There is no shortage of apps that analyze your Twitter account for data, digging up when you first joined Twitter, the apps used to post, etc., but that hasn’t been the case for Facebook – probably because of the higher data complexity and privacy concerns associated with it. But last week Wolfram|Alpha made their debut in analytics for personal Facebook accounts. It’s not likely something that the general public will ever get excited about, but, than again, I’m not the general public, so I was very interested on what it had to offer.
You can get started at the dedicated page on the site or directly by searching for
facebook report or
my facebook on Wolfram|Alpha. Naturally, you have to grant permission to access your Facebook data. Unfortunately, before you get the report you also have to create a Wolfram|Alpha account – this just creates an unnecessary entry barrier for users. Furthermore, downloading charts or data requires a Pro account. You can start a trial version, but that only comes with 500 credits, which are not nearly enough to save the data from this report, let alone any other.
But putting these limitations aside, let’s see what the report reveals. It starts off fairly unimpressive, showing your profile picture and date of birth, along with some Wolfram-Alpha-style enhancements like the Moon phase and the time until your next birthday. The more interesting insights start in the next section, which analyses your recent activity on Facebook, specifically two years’ worth of updates. My activity has definitely picked up in this period, from about 10 updates per month to recent peaks of nearly 40! Further down in the report you can also find a breakdown of the post frequency by day of the week and hour.
Apparently I prefer posting links over status updates – some 52% of my updates had links compared to 44% without links; there are some months where I posted links exclusively.
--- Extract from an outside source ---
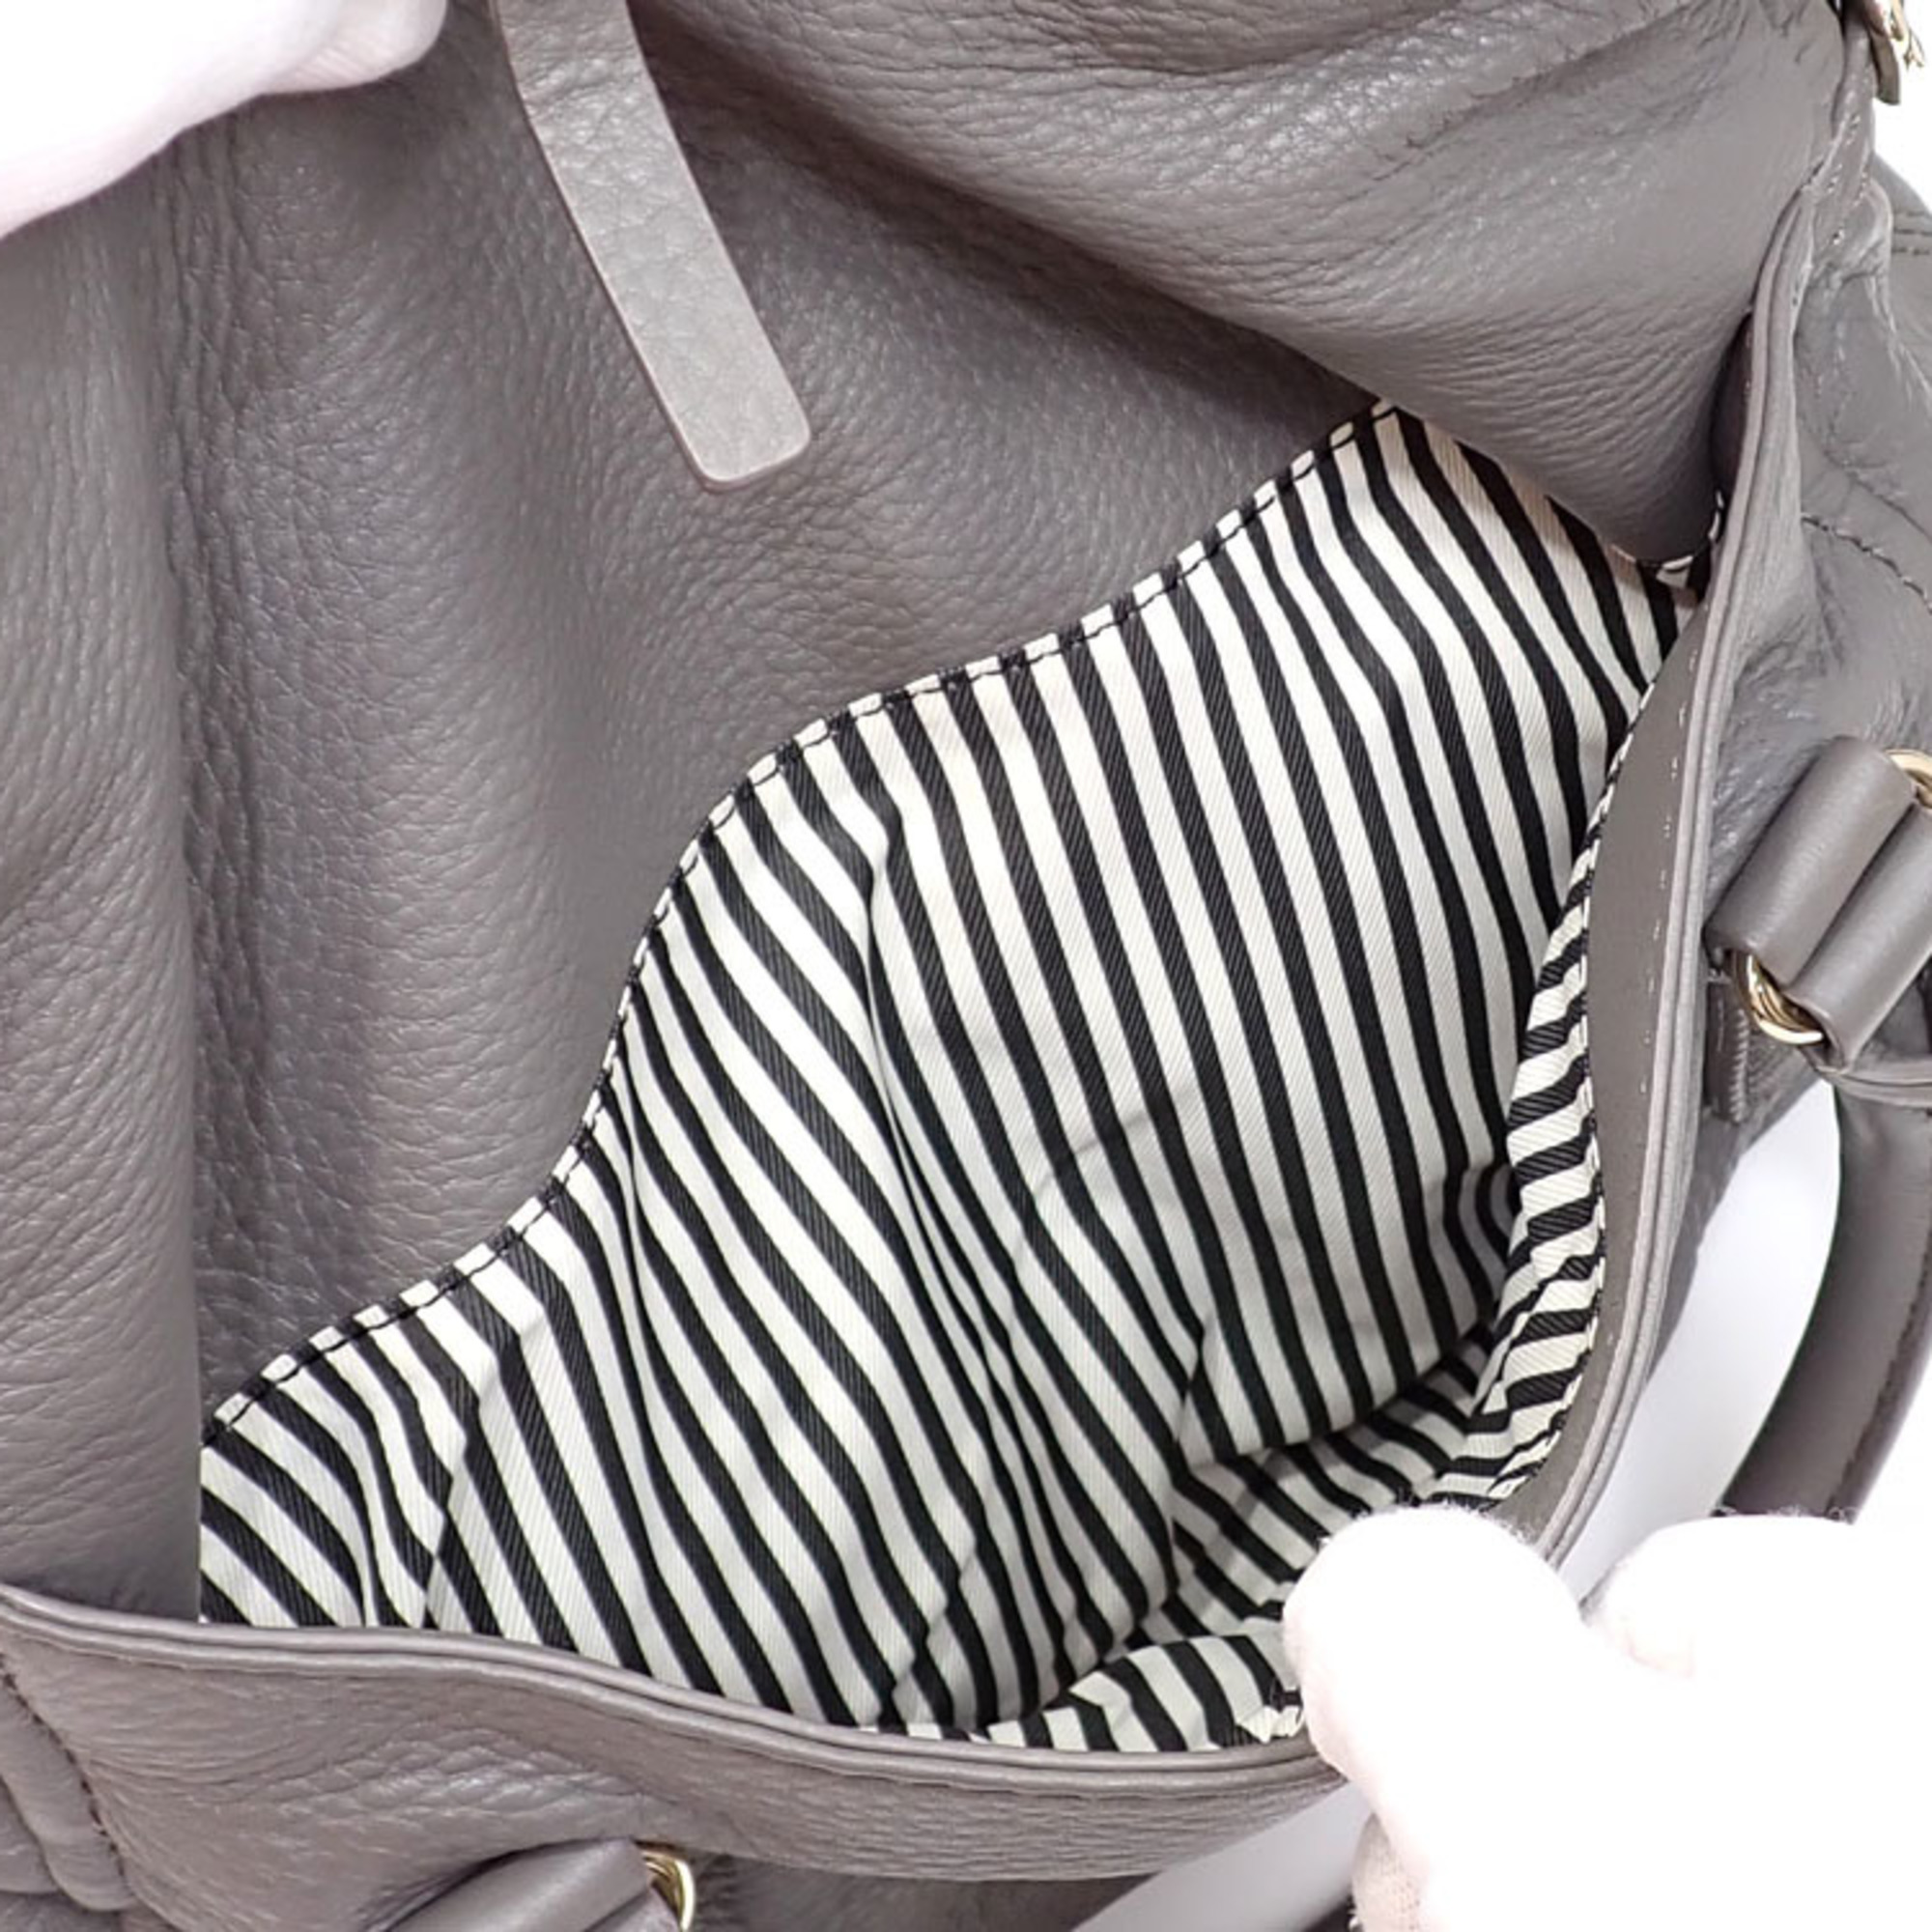 Kate Spade handbag for women, grey leather shoulder bag

I’m not a big fan of photo uploads – only 19 pictures in 2 years! Very true, because as a photo enthusiast I can’t stand the way Facebook compresses photos, destroying their quality, so I prefer to share them on Picasa or Flickr – hence even more link updates! That might change as I start to upload more mobile pics from the iPhone.
Another interesting bit of information: the app used to post updates. For me the result was mostly expected: ifttt and HootSuite top the charts because I use(d) both to schedule updates on Facebook and Twitter and to share links from Google Reader.
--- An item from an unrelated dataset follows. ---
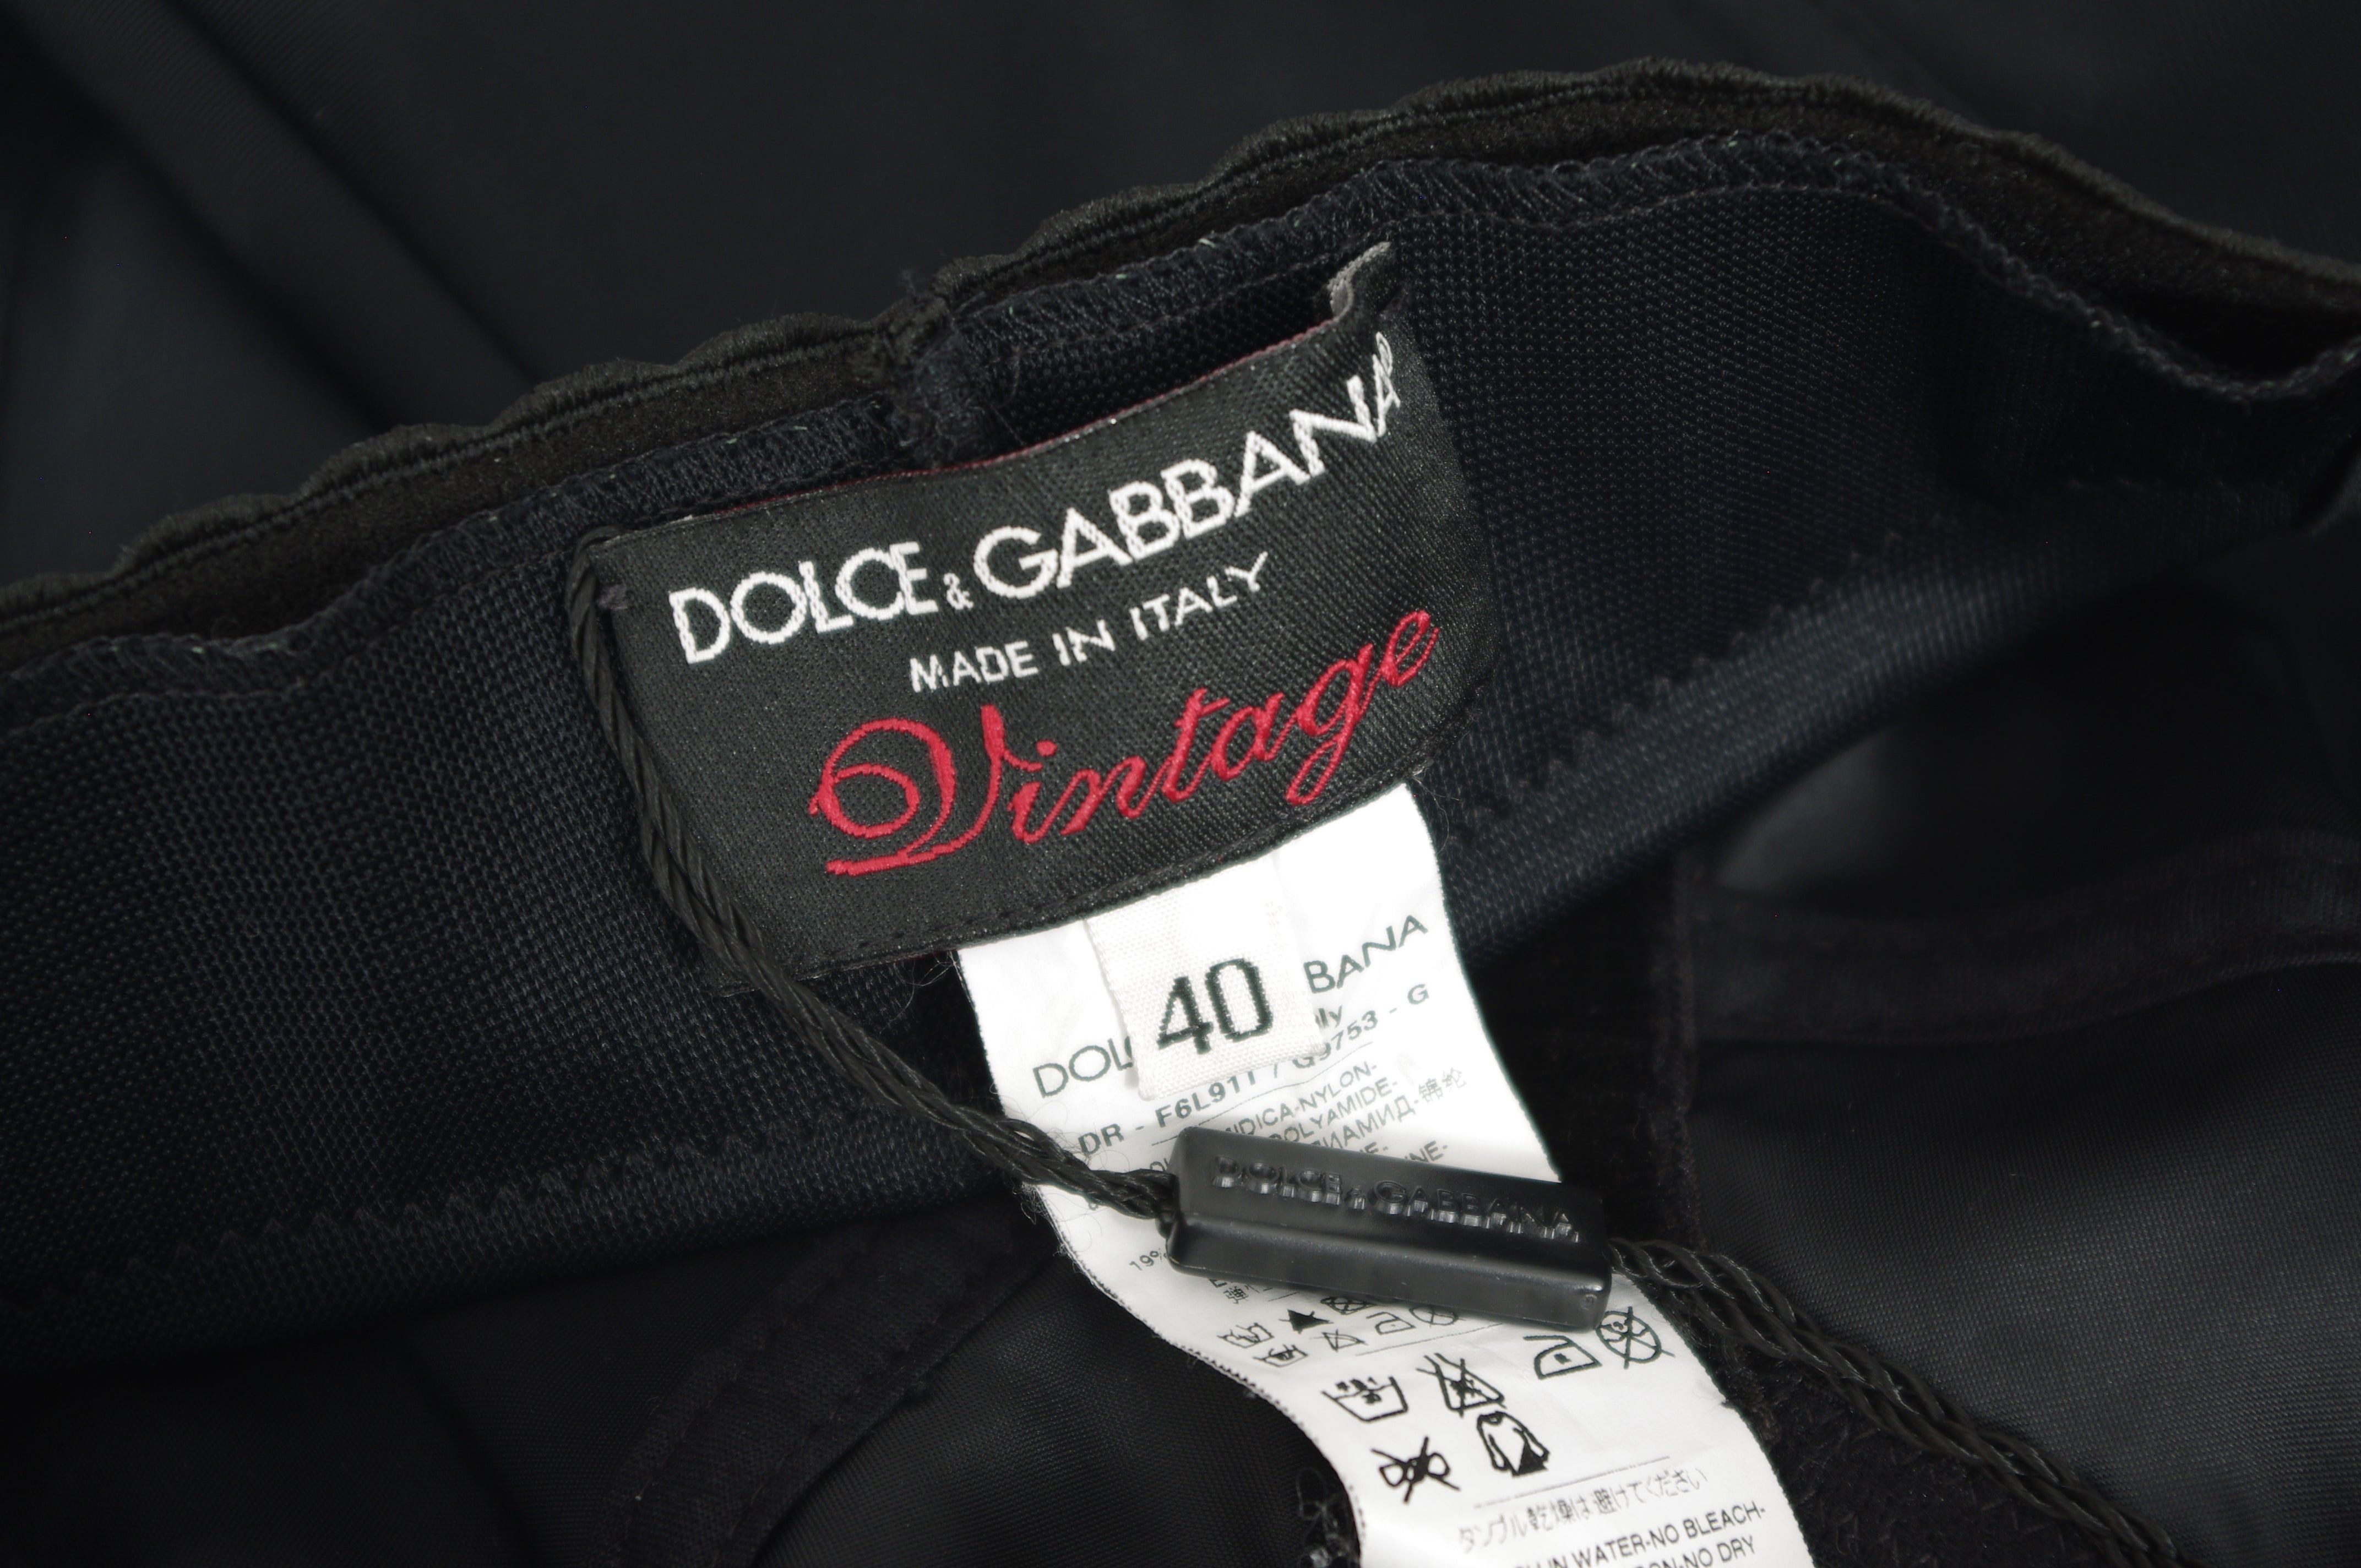 "Vintage" Limited Edition Black Lace Bustier Corset Dress

Next up: post statistics, where you can find the number of likes and comments on these posts and the average number of words – with 88 characters on average per status update they would fit just as well on Twitter! Wolfram|Alpha also digs up your most commented status update and the people that have shared and commented the most on your updates. It would be nice it they would also show on which friend’s updates you commented most – maybe in a future update? A little further down you’ll find the same analysis for photos – for me a tie: two photos with 11 likes and 4 photos with 6 comments. I’m sure I could do better if I would just upload more photos (see above)…
But Facebook is as much about your friends as it is about yourself (even if some people didn’t get that memo), so the analysis wouldn’t be complete without some data on your connections – provided they have allowed that through their privacy settings. We start up with lighter stuff, like the age (again, not very surprisingly most friends share my age group, with a clear peak around 30 years old) and gender distribution (about 60% female and 40% male), age rankings, the countries they live in and languages they speak – though the data starts getting sparse here, as people don’t bother filling in such details. A little more on the quirky side: you can get a distribution by zodiac signs – I had no idea I had so many Libra and Cancer friends!
Slightly unexpected, the analysis of the relationship status shows more of my male friends are already ‘married’ (66.7% compared to 54.7% of females), but less are ‘in a relationship’. ‘Engaged’ is not really an option apparently. But there I less data to work with here, less than half of my friends have bothered changing that field, so it might not reflect the real picture.
The best part comes last in the form of a graph of your entire Facebook friend network, mapped by mutual connections – these are reflected both in the overall structure of the network and in the size of the bubbles representing individual friends. It’s really remarkable how accurate this representation is, possibly because I tend to only “friend” people I met in real life – quaint, I know! There are three main clusters, two of them tighter, the third one looser. The upper red cluster represent my first job, which, being in a different field than my studies and following jobs, is somewhat separated from the rest of my connections. It connects to the loose orange cluster through a large node, a coworker from my first job who also attended the same university as me. This larger cluster covers several areas of my life, starting with my high-school years, the university and two other jobs, including the current one. But it’s still accurate because many of my high-school friends attended the same university and I met many former university colleagues later in my career. This cluster overlaps on the left side a fair amount with the green cluster – my third job – and again I can easily recognize the nodes connecting the two: former colleagues from the university that ended up working there as well. The unconnected bits on the bottom are distant family members; the tail stretching towards lower left are former childhood friends I have grown distant of; the branch trailing in the upper left has some online people that added me, so I added them back. For a computer-generated map, it’s pretty close to the truth! I would love to see a similar analysis done on other sets of data – maybe LinkedIn could be next?